= Erchin Serpedin =

American electrical engineer

Erchin Serpedin is a professor from Texas A&M University in College Station, Texas. He was named a Fellow of the Institute of Electrical and Electronics Engineers (IEEE) in 2013. He has served as technical chair or co-chair for nine major conferences and symposia, and as associate editor or member of editorial board for 14 journals. His professional service has included appointments as associate editor for journals such as IEEE Transactions on Information Theory, IEEE Communications Letters, IEEE Signal Processing Letters, IEEE Transactions on Communications, IEEE Transactions on Signal Processing, IEEE Transactions on Wireless Communications, IEEE Signal Processing Magazine, EURASIP Journal on Advances in Signal Processing, Signal Processing (Elsevier), and Physical Communication (Elsevier). From 2014 to 2017, he served as Editor-in-Chief of the EURASIP Journal on Bioinformatics and Systems Biology, an online journal published by Springer Nature. He has also served as lead or guest editor for eight journal special issues.

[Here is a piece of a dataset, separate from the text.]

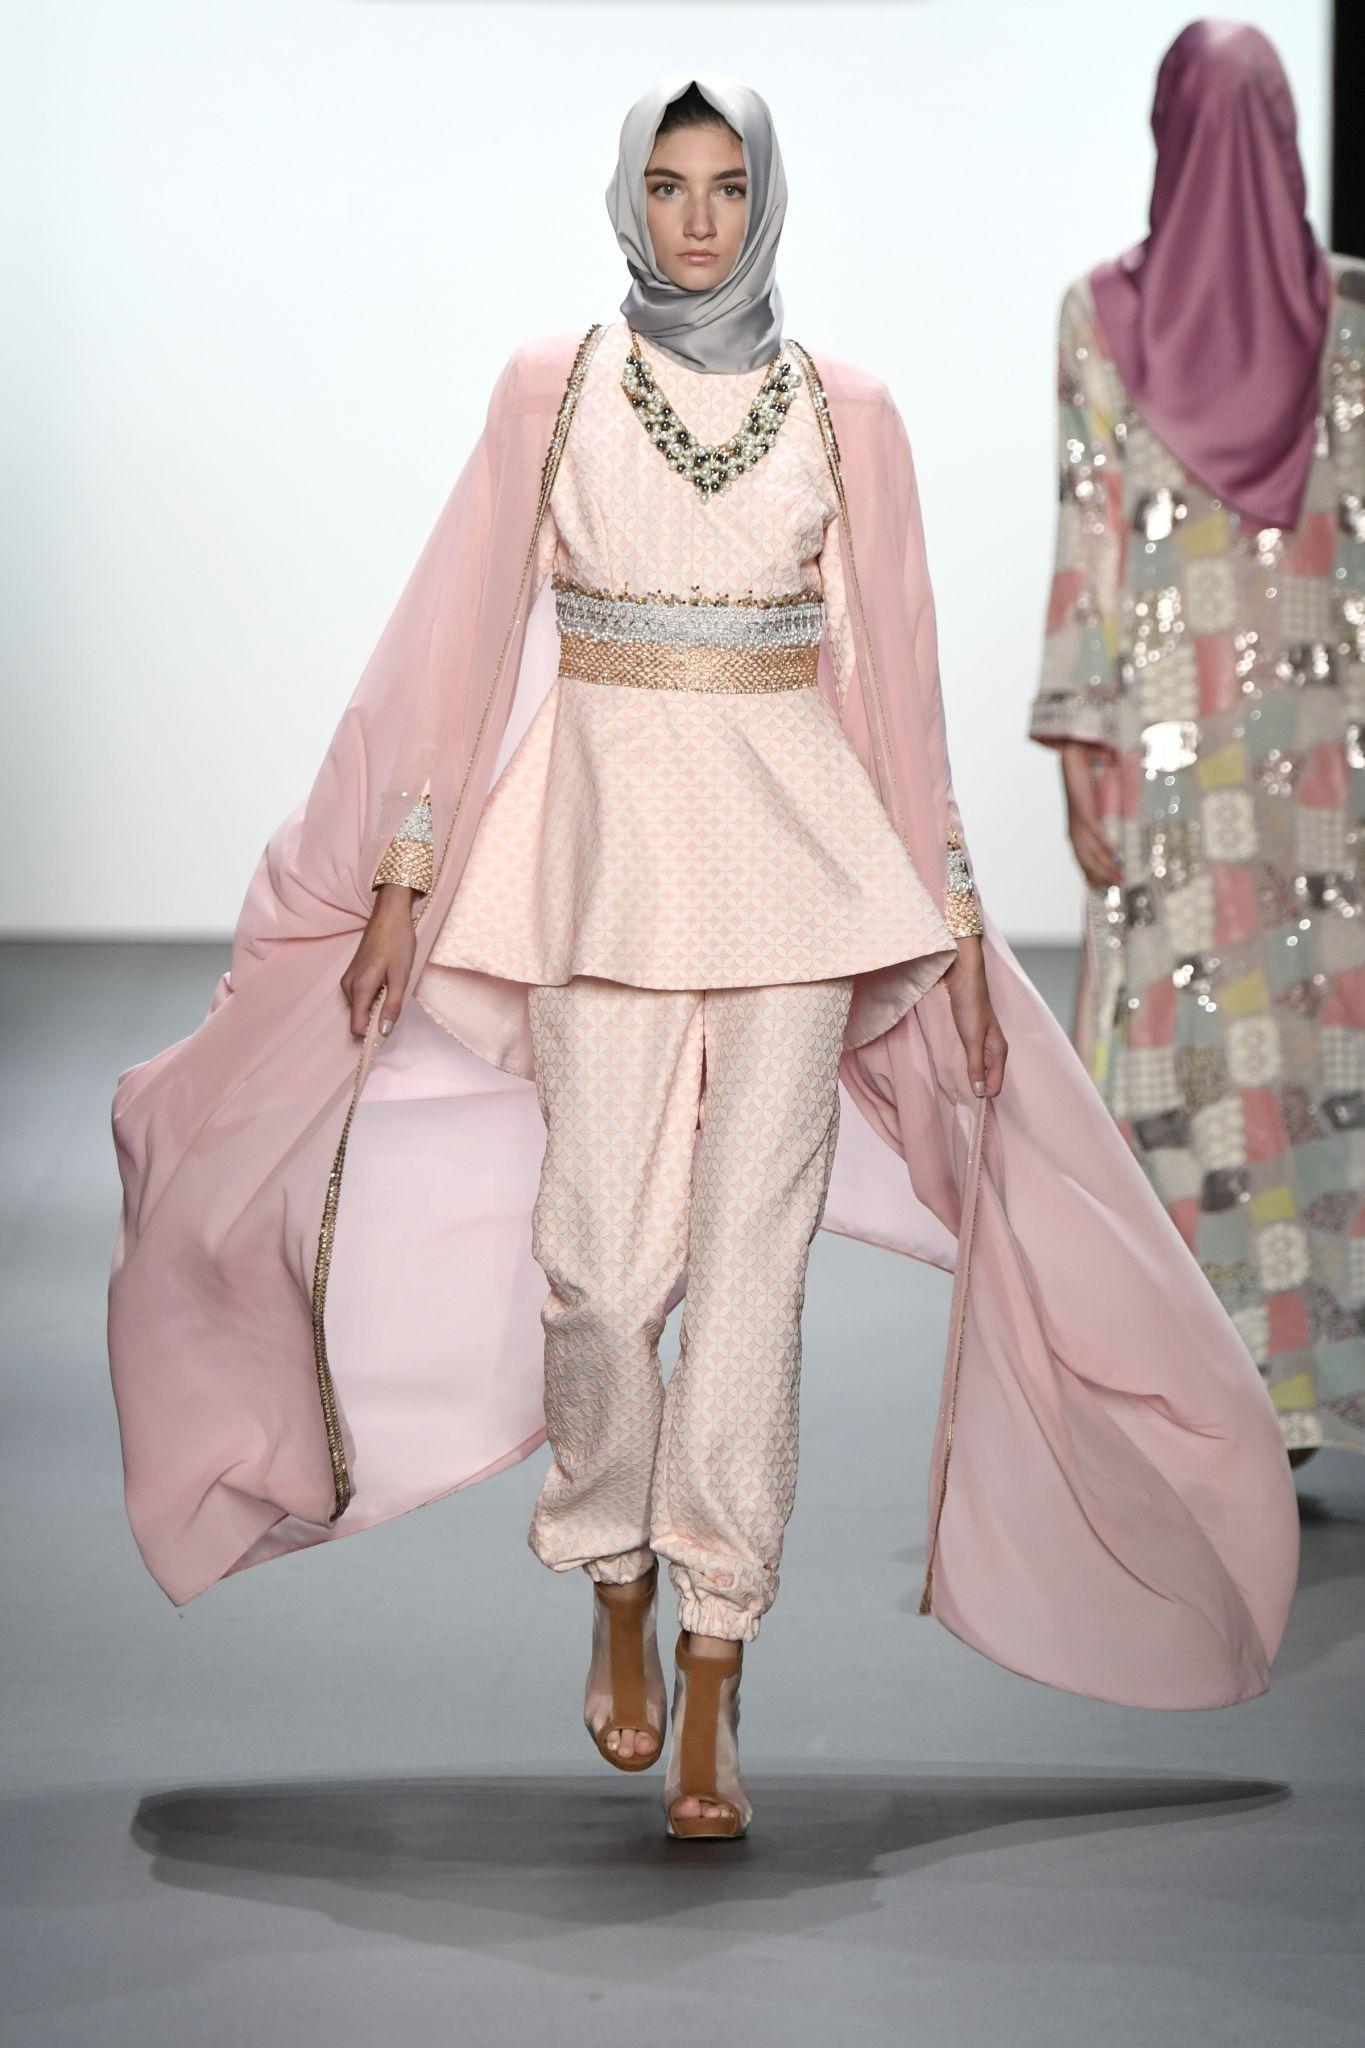 Muslim Designer Creates Amazing Hijab Fashion For New York

Serpedin has received 12 Best Paper Awards at international conferences, the 2018 IEEE Signal Processing Magazine Best Column Award, and the 2026 IEEE Systems Journal Best Paper Award. He has authored four research monographs, one textbook, 250 journal papers, 350 conference papers, and 18 book chapters.

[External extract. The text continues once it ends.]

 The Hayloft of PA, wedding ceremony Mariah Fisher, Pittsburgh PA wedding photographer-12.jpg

His research interests include signal processing, machine learning, and artificial intelligence, with applications in biomedical engineering, cybersecurity of smart grids and transportation networks, and computational materials science.

He has served as ECEN Program Chair at Texas A&M University at Qatar and is a tenured professor in the Department of Electrical and Computer Engineering at Texas A&M University in College Station.